Entries taken from a collection:
********

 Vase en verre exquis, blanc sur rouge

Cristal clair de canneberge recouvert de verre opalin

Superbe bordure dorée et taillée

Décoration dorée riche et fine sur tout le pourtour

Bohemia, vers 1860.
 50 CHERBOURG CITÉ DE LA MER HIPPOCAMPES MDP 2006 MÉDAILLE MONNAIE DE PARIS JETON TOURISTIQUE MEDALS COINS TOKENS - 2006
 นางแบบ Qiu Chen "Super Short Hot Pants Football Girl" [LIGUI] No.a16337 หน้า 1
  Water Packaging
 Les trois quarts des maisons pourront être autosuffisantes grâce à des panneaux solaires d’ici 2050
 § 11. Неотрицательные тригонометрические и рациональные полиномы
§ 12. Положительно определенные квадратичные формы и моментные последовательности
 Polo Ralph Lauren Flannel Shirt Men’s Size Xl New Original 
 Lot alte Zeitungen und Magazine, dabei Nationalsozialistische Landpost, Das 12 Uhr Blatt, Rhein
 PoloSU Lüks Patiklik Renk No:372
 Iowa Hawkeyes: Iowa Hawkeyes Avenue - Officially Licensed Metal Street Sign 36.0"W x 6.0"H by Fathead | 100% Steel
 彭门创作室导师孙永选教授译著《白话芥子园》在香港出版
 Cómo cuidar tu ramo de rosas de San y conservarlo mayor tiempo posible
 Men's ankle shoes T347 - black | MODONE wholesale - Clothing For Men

********

• [Task to complete]: From the records above, copy only the lines starting with the line that holds "50 CHERBOURG CITÉ" and going on through the line that holds "Water Packaging", exactly as written.

• [Solution]:
 50 CHERBOURG CITÉ DE LA MER HIPPOCAMPES MDP 2006 MÉDAILLE MONNAIE DE PARIS JETON TOURISTIQUE MEDALS COINS TOKENS - 2006
 นางแบบ Qiu Chen "Super Short Hot Pants Football Girl" [LIGUI] No.a16337 หน้า 1
  Water Packaging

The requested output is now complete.